The electric integrated equipment further comprises a base, the base is provided with an avoidance groove, the power board is provided with an avoidance notch, and the inductor is located in the avoidance notch and in the avoidance groove.

4. The electrical integrated device of claim 1, wherein:

The bridge type conversion circuit comprises at least two second power tubes, the power board is an aluminum-based circuit board, and the second power tubes are mounted on the upper end face of the aluminum-based circuit board.

5. The electrical integrated device of claim 1, wherein:

The first lower plate terminals and the second lower plate terminals are all arranged in conductive columns and are located on the upper end face of the power plate, the first upper plate terminals and the second upper plate terminals are all arranged in conductive sheets and are located on the lower end face of the capacitor plate, and the conductive columns are axially butted with the conductive sheets.

6. The electrical integrated device of any one of claims 1 to 5, wherein:

The capacitor plate is provided with positive electrode input diversion terminal and negative electrode input diversion terminal, a plurality of first input capacitance is located positive electrode input diversion terminal with between the negative electrode input diversion terminal, output capacitance is located one side of first input capacitance and is located the top that the copper is covered in the negative electrode confluence, a plurality of the positive electrode of first input capacitance through cover copper line with positive electrode input diversion terminal positive terminal electric connection, a plurality of the negative electrode of first input capacitance with the negative electrode of output capacitance through cover copper line with negative electrode input diversion terminal negative terminal electric connection.
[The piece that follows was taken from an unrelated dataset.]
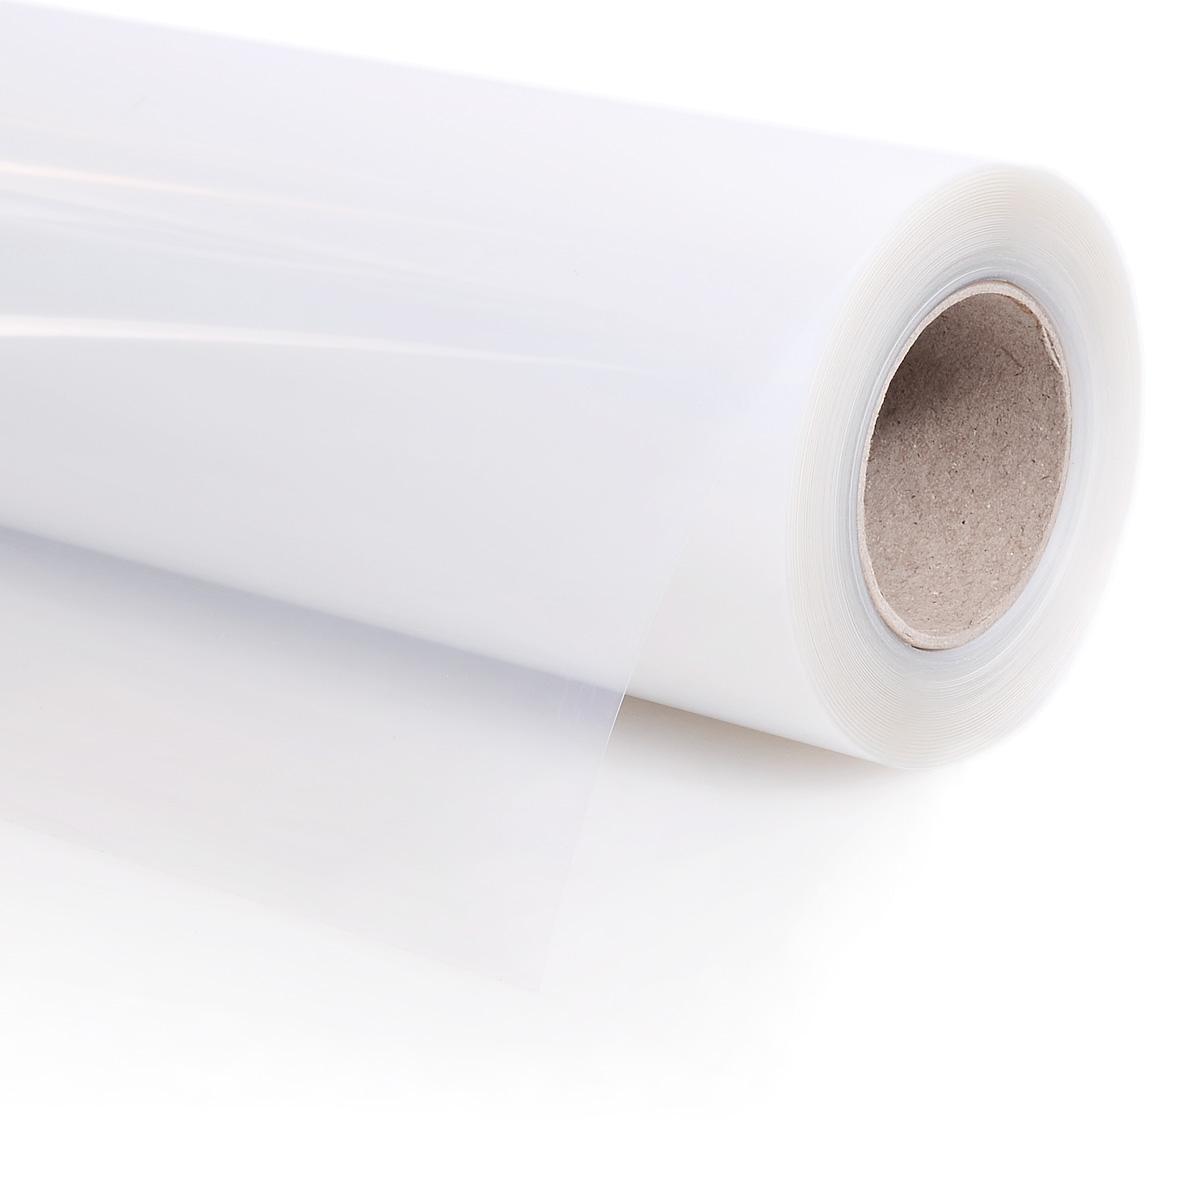 1 Rolle digitaler Siebdruckfilm | Inkjetfilm | 111,8 cm x 30 m | PET Film

7. The electrical integrated device of claim 6, wherein:

And a relay is arranged between the anodes of the plurality of first input capacitors and the anode binding post.

8. A vehicle comprising an electric motor, a battery and an electrical integrated apparatus as claimed in any one of the preceding claims 1 to 7, said first output terminal being connected to said motor, said positive terminal and said negative terminal being connected to said battery.